Israel's ambassador to India, Mark Sofer, declared: "This is not the time to ask why the world did not do enough to work against the bestial behavior of people and to ask why these two countries, India and Israel, suffer so much from terror. But we, the Israelis and the Indians and the civilized world, will not stop until we are victorious over terror."
 
 
"I can't think of people who were better messengers of God. They had goodness all over them," said Jennifer Gammell, a British citizen who had known the rabbi for more than two years.
  
"Every night, they would serve kosher dinner for anyone.
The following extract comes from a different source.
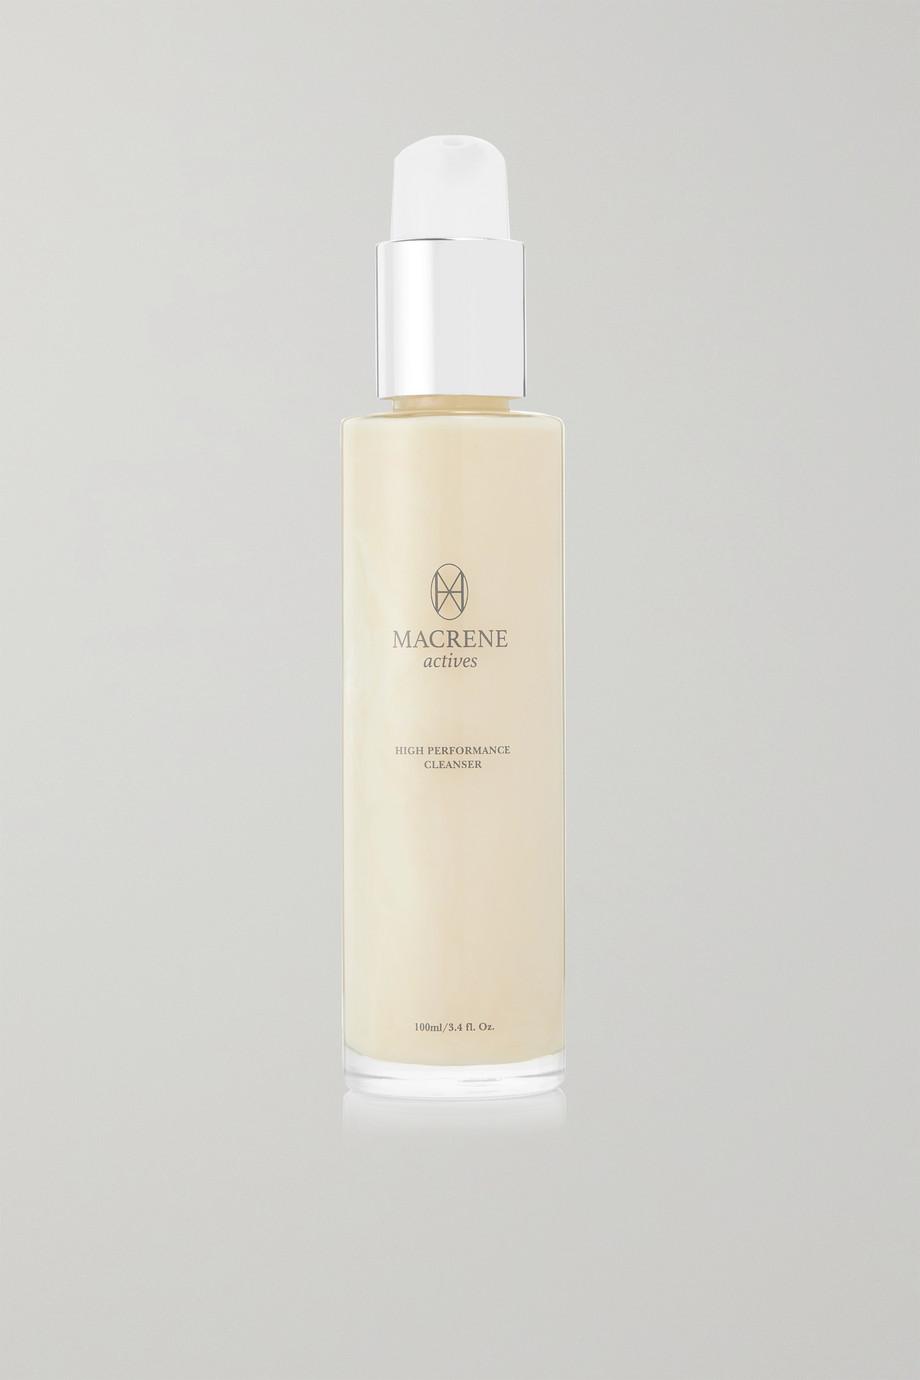 Macrene Actives High Performance Cleanser, 100 ml – Cleanser

No-one ever felt like a stranger in that house."
  
The couple were "loved so much here in the community that no one was left untouched by their hospitality and their warmth", ambassador Sofer told mourners.
  
The community also heaped praise on Sandra Samuel.
  
"If she was here today, Moshe would not be crying," said UK-based Diana Iny, who was visiting her brother in Mumbai.
  
Women wept when the chubby Moshe was brought into the synagogue by the Chabad House caretaker Zakir Hussein and reached out to touch him.
  
The little boy played for a while with a red plastic ball, hurling it at television cameras, before he started asking for his parents.
  
"After this incident, people's faith was down a bit but the Chabad people have so much faith that they are not afraid. They say they know what God is doing," India-born Iny said.
  
"The Chabad House has to be rebuilt. There is no question about it."